Pigmentation phenotypes observed in D. elegans HK, D. gunungcola SK, and D. elegans HK ebony null mutants suggest that differences in Yellow and Ebony vary among tissues and between species (Fig. 5C). The higher expression of Yellow in D. elegans HK than in D. gunungcola SK shown for the wing spot in this model is supported by empirical data from Prud’homme et al. (2006). The pattern of Ebony expression has not been reported for D. elegans and D. gunungcola wings, but the expression patterns shown in our model are consistent with those seen between two other species that do (D. biarmipes) and do not (D. melanogaster) develop a wing spot similar to D. elegans (Wittkopp et al. 2002, Arnoult et al. 2013). The patterns of Yellow and Ebony expression have also not been reported for the thorax or legs of D. elegans or D. gunungcola, but correlations between expression of these genes and pigmentation in other Drosophila species suggest that the darker pigmentation of D. gunungcola SK relative to D. elegans HK results from higher Yellow and lower Ebony expression in these tissues (Fig. 5C). Within D. elegans HK, the higher expression of Yellow in the thorax than the legs shown in Fig. 5C is supported by the darker thorax than leg pigmentation seen in D. elegans HK ebony null mutants (Supplementary Fig. 2B). Additive inheritance of these inferred gene expression patterns can explain the pigmentation phenotypes seen in this study (Supplementary Fig. 3), but important work remains to test this model, including confirming whether variation in yellow and ebony are responsible for the observed QTL and whether the hypothesized expression patterns of Yellow and Ebony shown in Fig. 5C are real and caused by cis-regulatory divergence.

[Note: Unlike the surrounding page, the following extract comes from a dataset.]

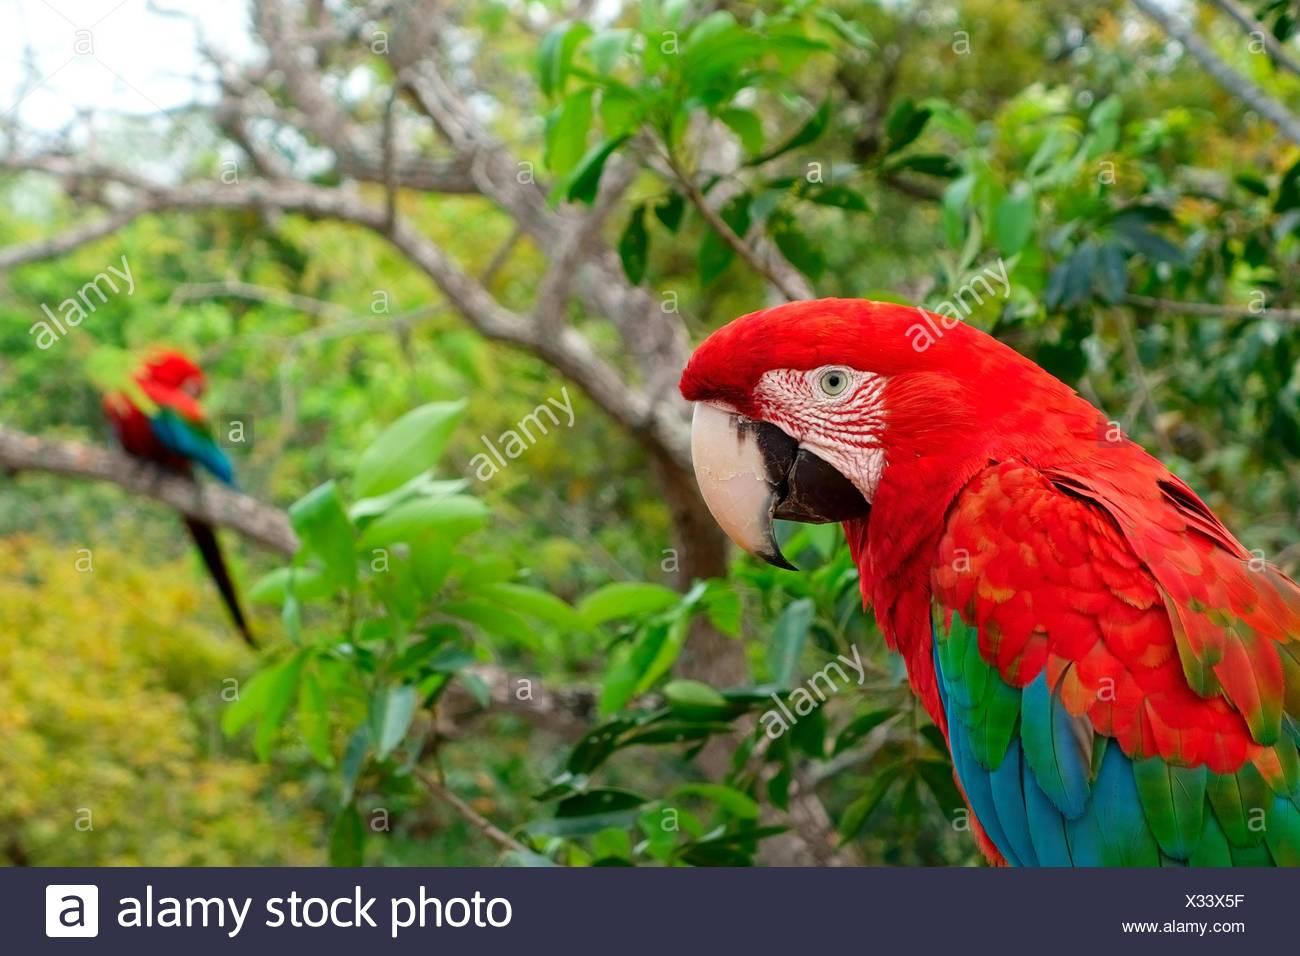 Red-and-green macaw (Ara chloroptera), Buraco das Araras, Jardim, Matto Grosso do Sul, Brazil - Stock Image
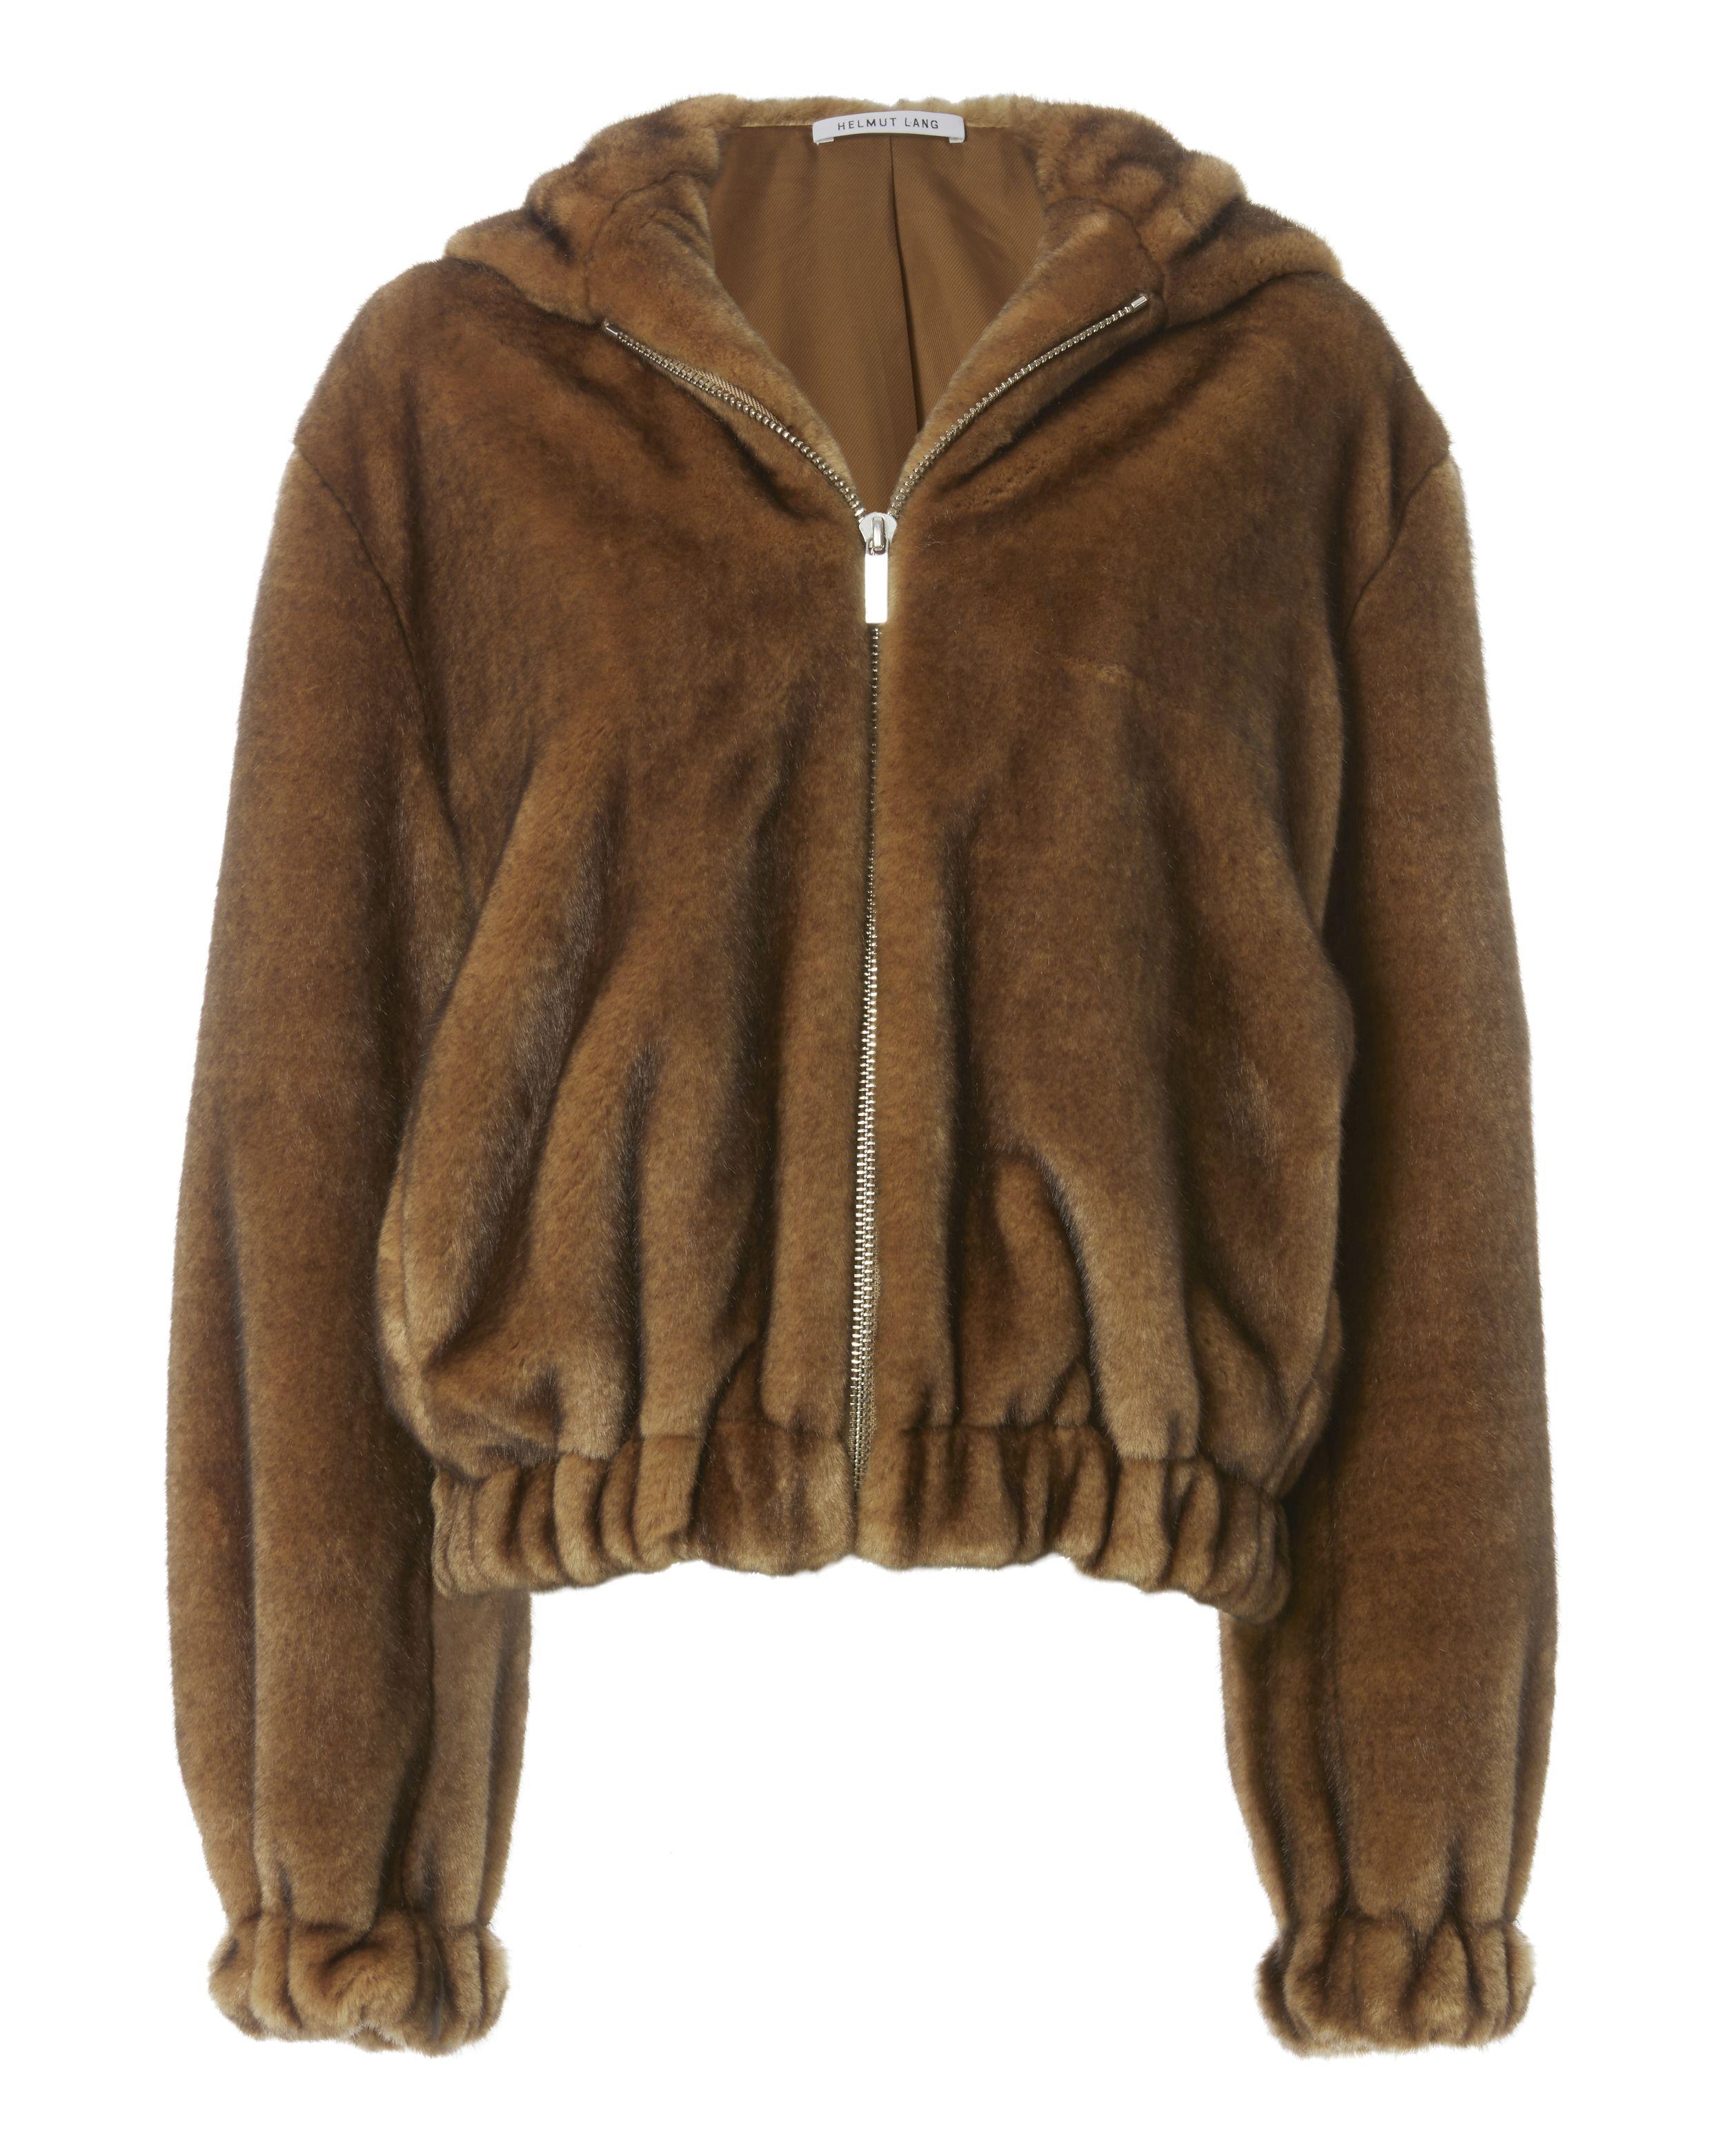 Faux Fur Hooded Bomber Jacket Faux leather bomber jacket

This study adds to the rich literature on Drosophila pigmentation evolution by revealing similarities and differences in the genetic architecture of pigmentation divergence in different body regions between the same pair of species. The same pigmentation genes have recurrently been found to harbor genetic variation responsible for pigmentation divergence in different species (reviewed in Massey and Wittkopp 2016), and our data suggest that the same is true for distinct changes in pigmentation evolving in different body parts between the same pair of species. Epistatic interactions between pigmentation QTL have previously been reported for differences in abdominal pigmentation between D. yakuba and D. santomea (Carbone et al. 2005; Liu et al. 2019), and our study of pigmentation divergence in multiple body parts between D. elegans and D. gunungcola also shows evidence of epistatic interactions among QTL and that these interactions differ among tissues. By combining knowledge of genetic and developmental mechanisms underlying pigmentation divergence from multiple species and contexts, this work illustrates the power of using metamodels such as Drosophila pigmentation (Kopp 2009) to advance our understanding of how phenotypes evolve.